MATERIAL PROVIDED =>

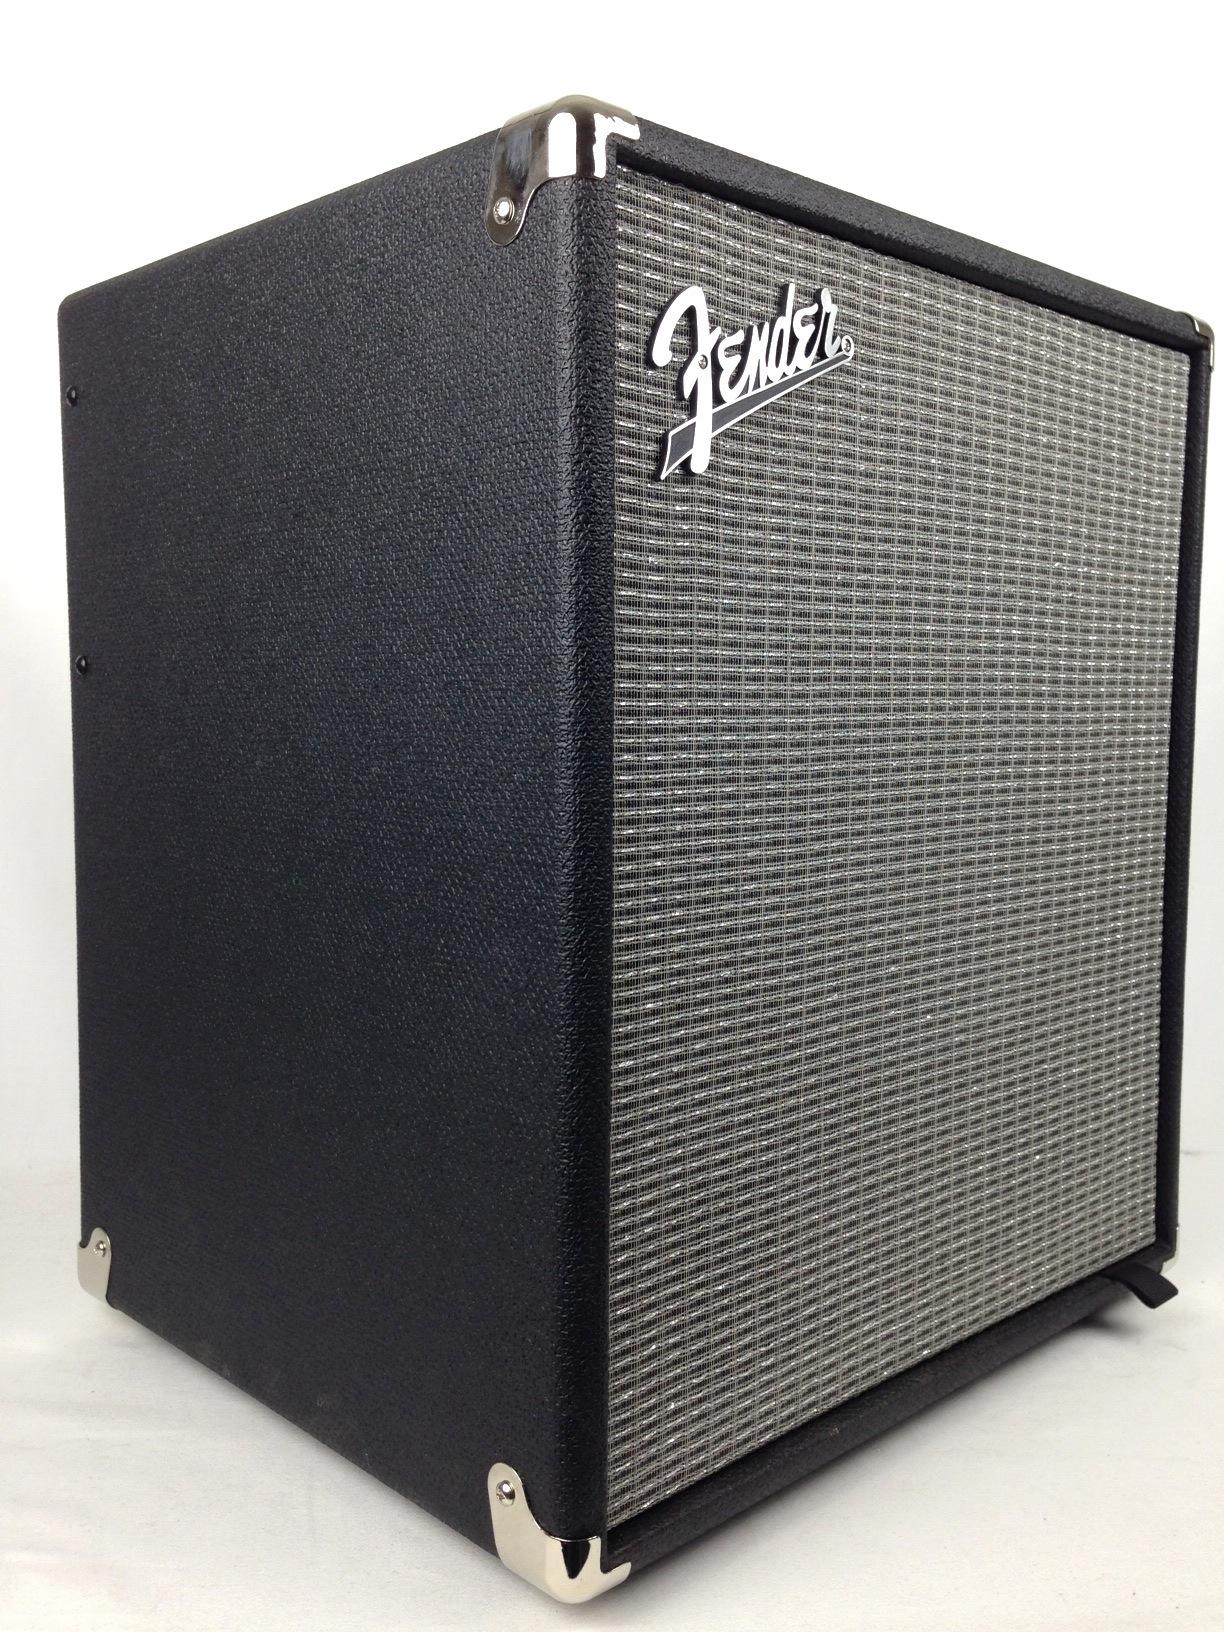 fender rumble 100 combo 100w bass amp. Black Bedroom Furniture Sets. Home Design Ideas
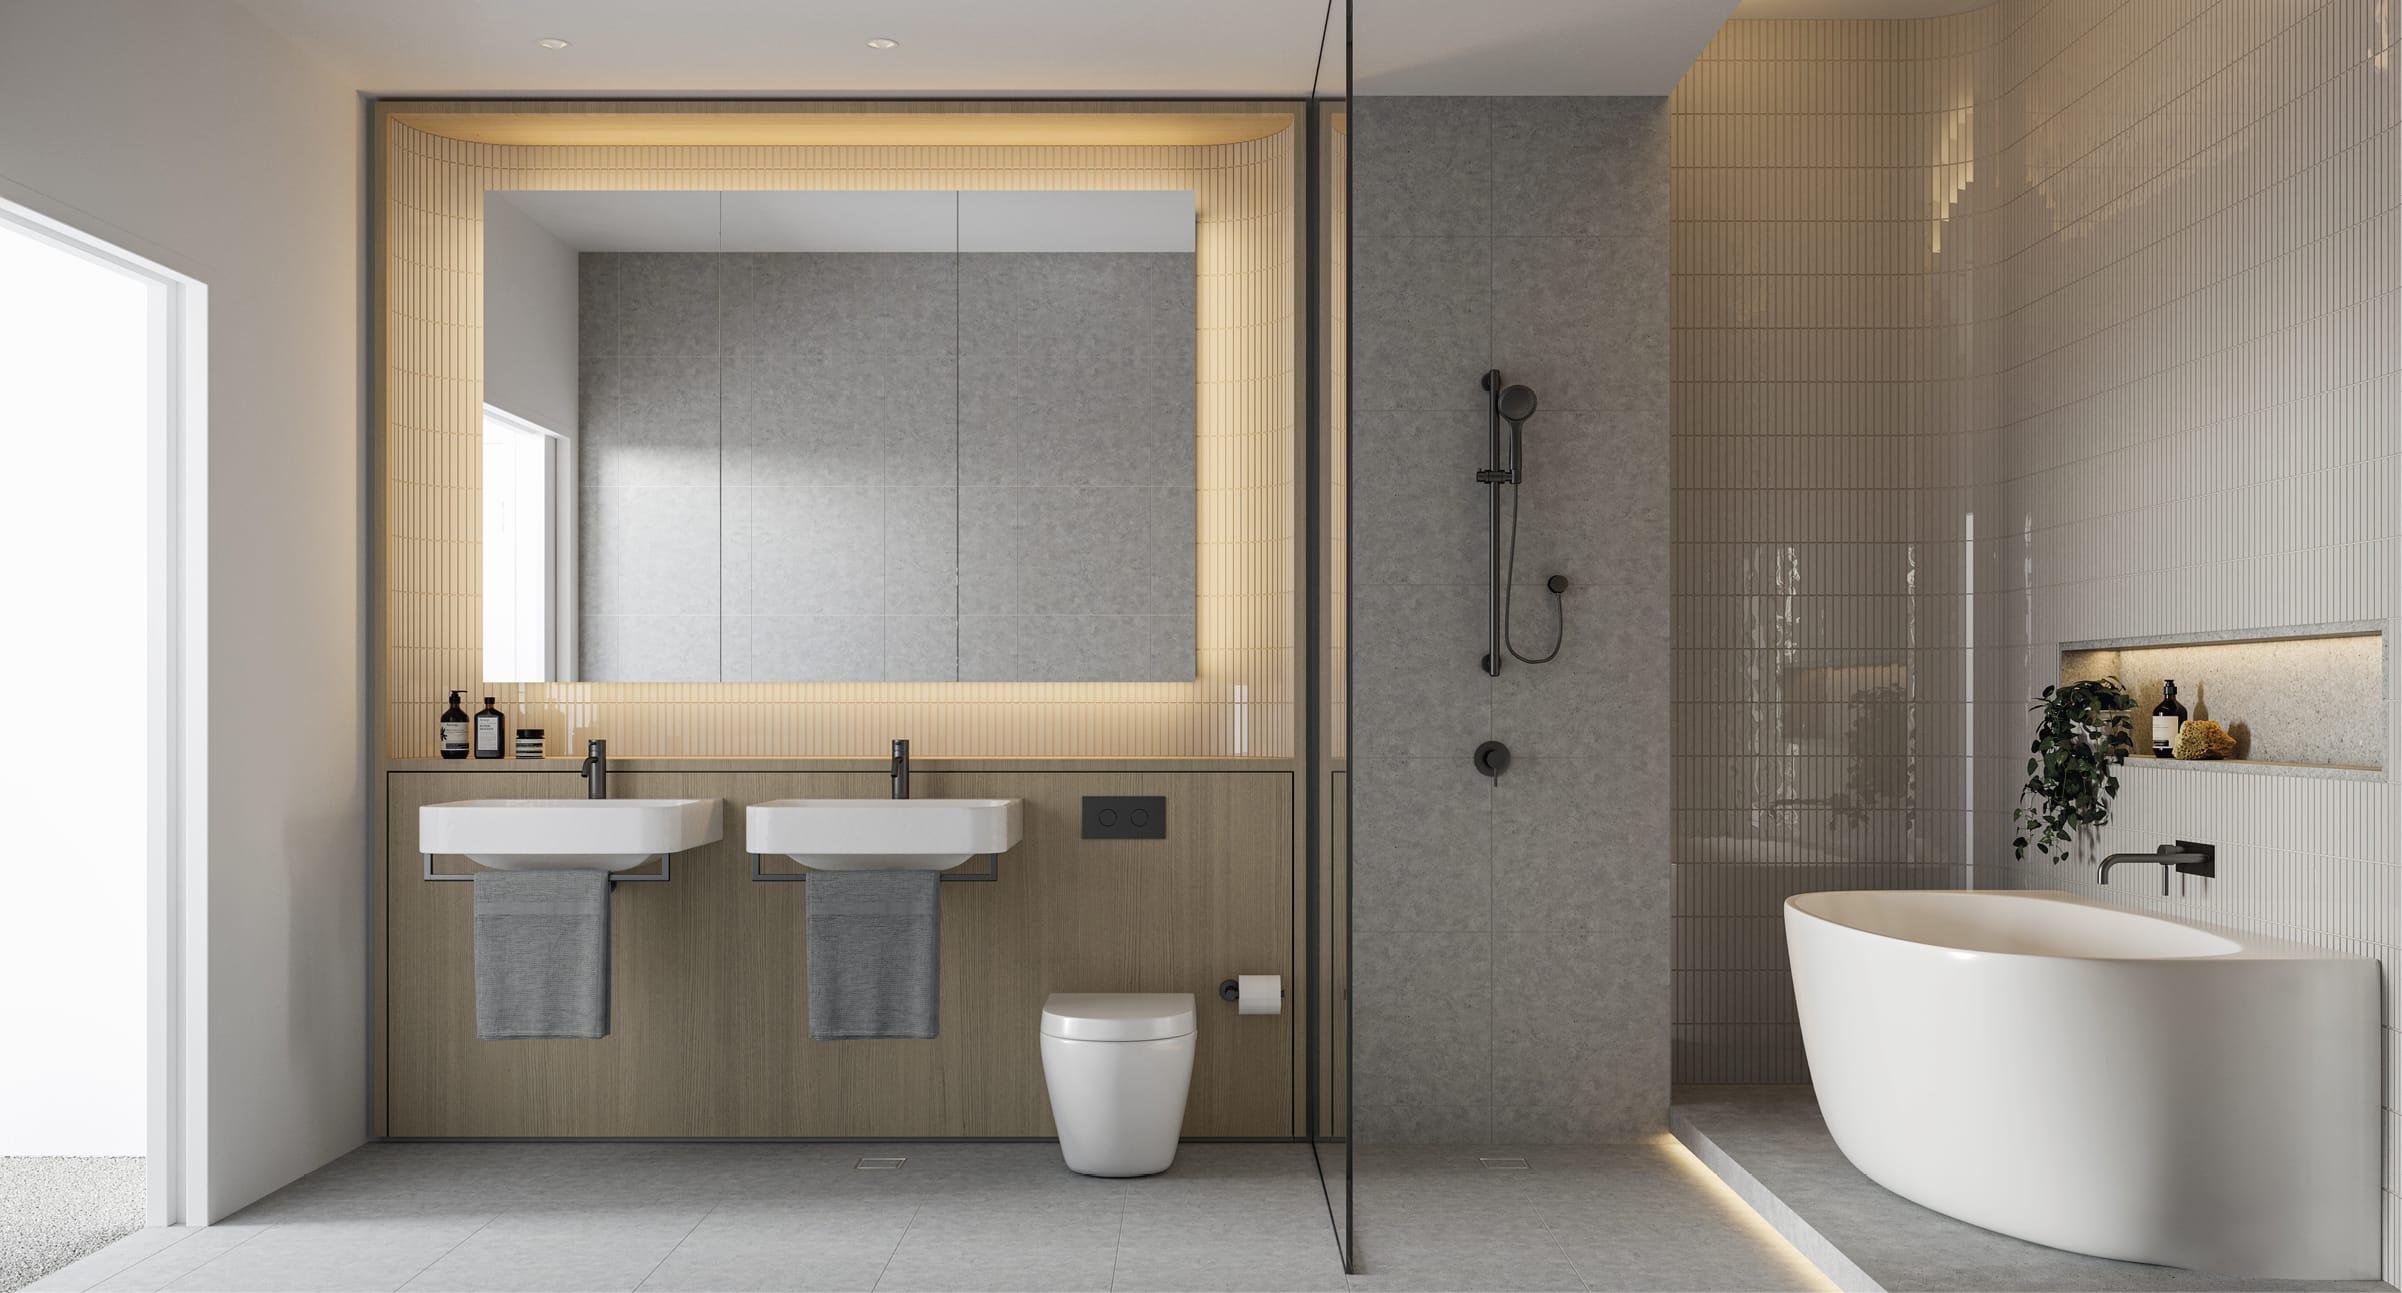 UpperHouse 04 Bath
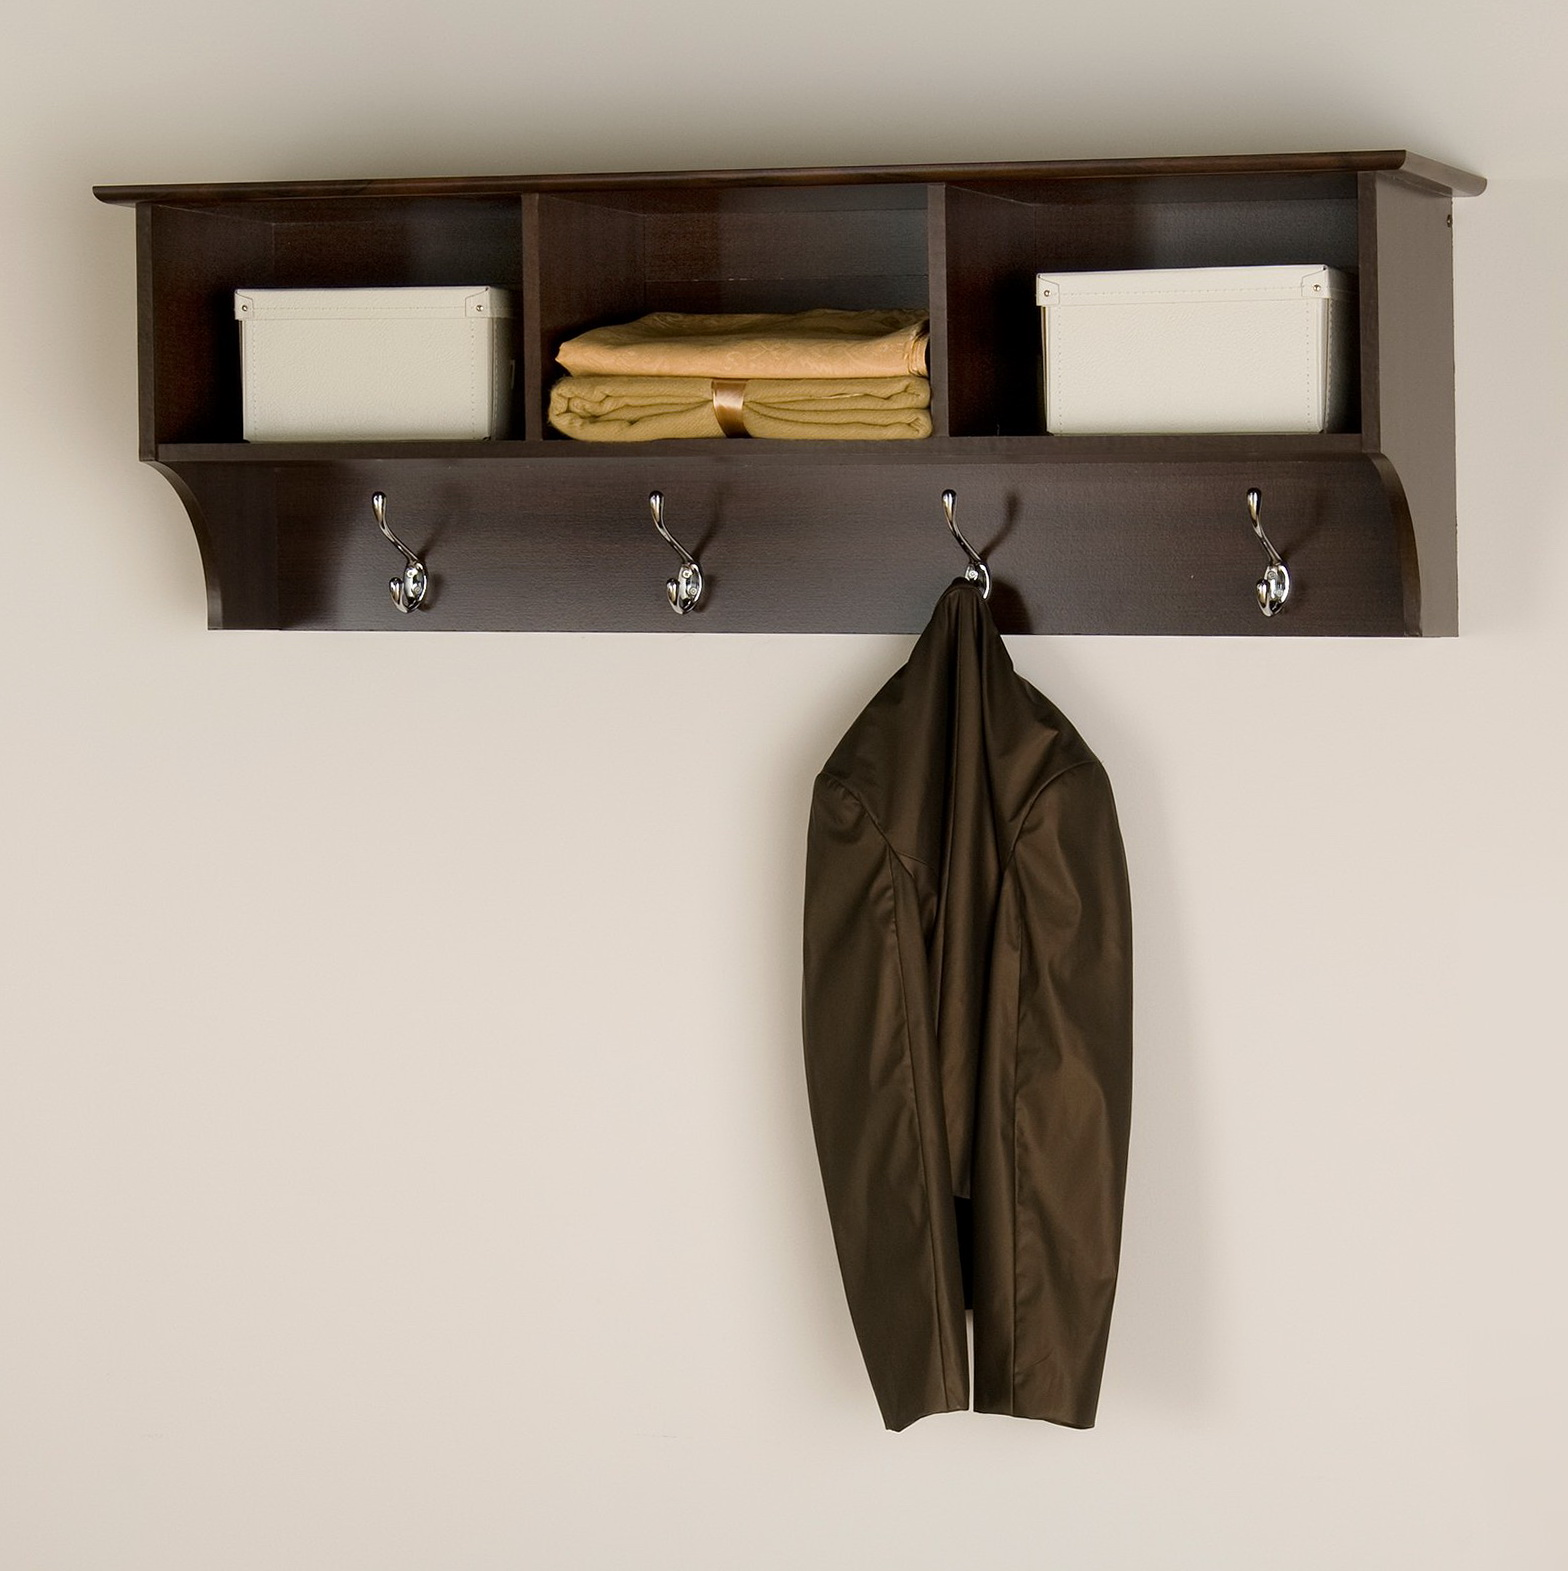 How To Make A Wall Coat Rack With Shelf

WHAT IS EXPECTED =>
Reproduce the lines from the one with "UpperHouse 04 Bath" through the end of the data, keeping both end lines, adding nothing, and dropping any pictures.

WRITTEN SOLUTION =>
 UpperHouse 04 Bath
 How To Make A Wall Coat Rack With Shelf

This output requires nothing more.